═════ DATA ═════

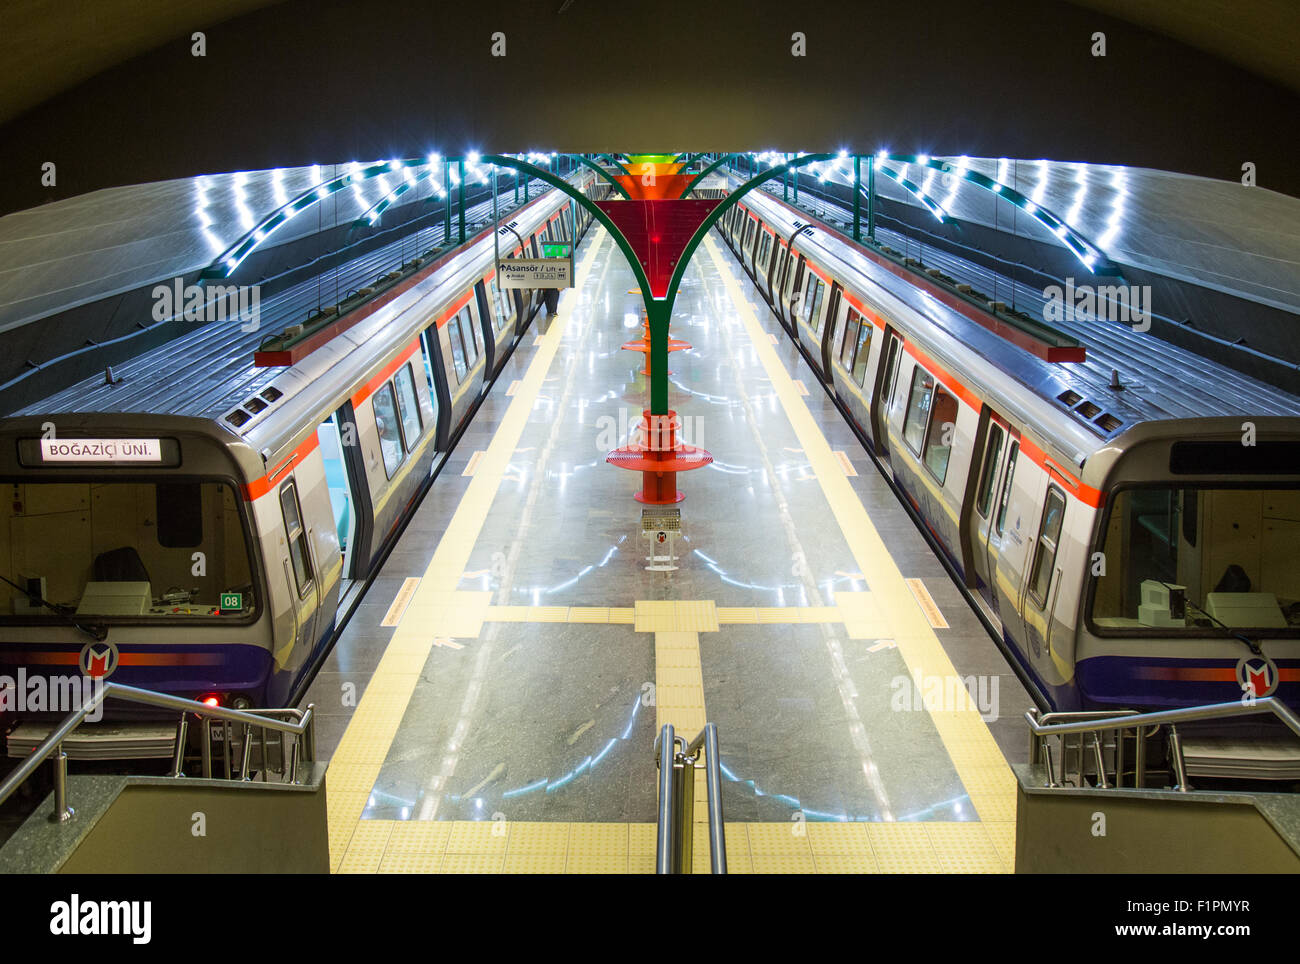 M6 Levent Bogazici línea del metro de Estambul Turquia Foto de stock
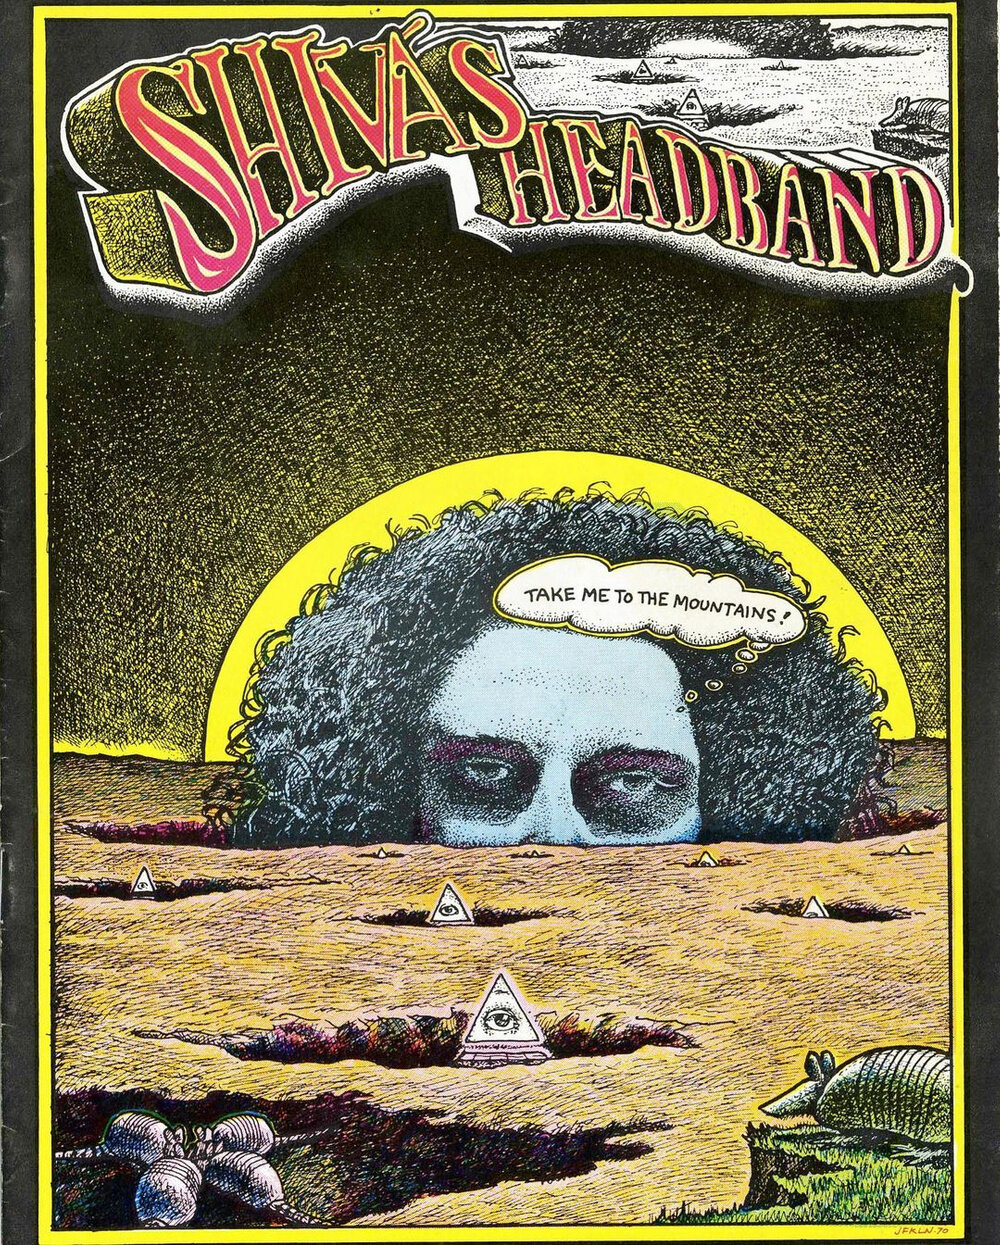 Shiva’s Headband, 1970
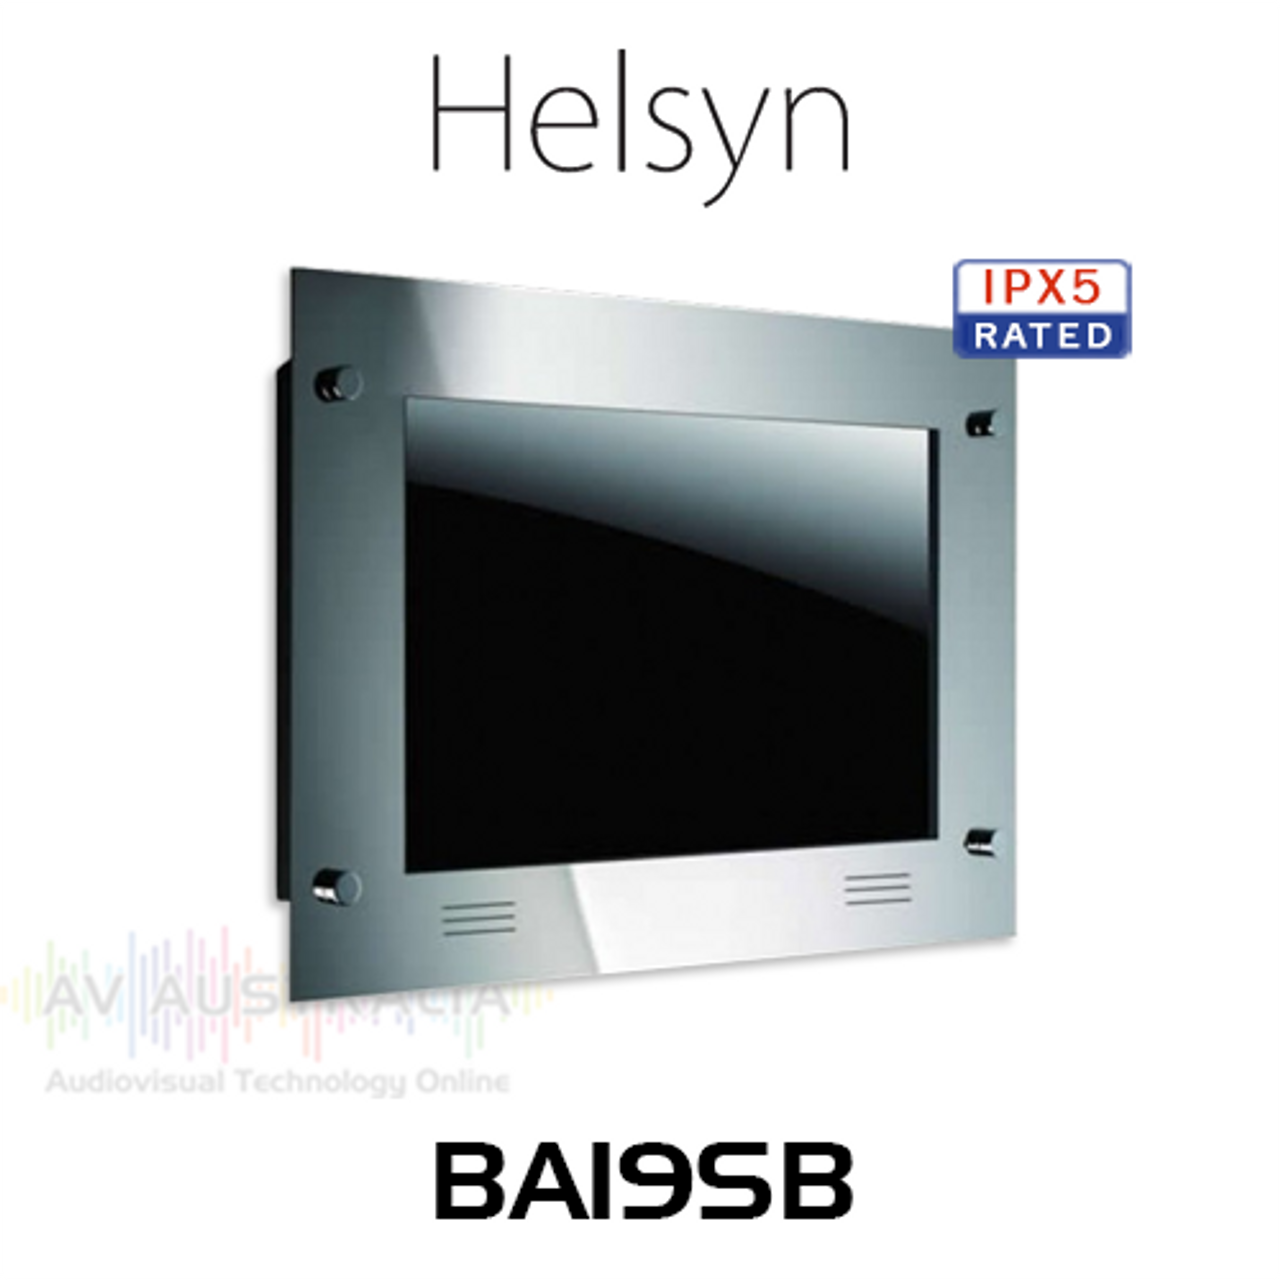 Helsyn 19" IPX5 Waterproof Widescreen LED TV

═════

_WORK INSTRUCTIONS:_
Starting at the line that contains "Shiva’s Headband, 1970" and ending with the last line of the data, transcribe every line exactly; skip the pictures.

_ANSWER BOX:_
 Shiva’s Headband, 1970
 Helsyn 19" IPX5 Waterproof Widescreen LED TV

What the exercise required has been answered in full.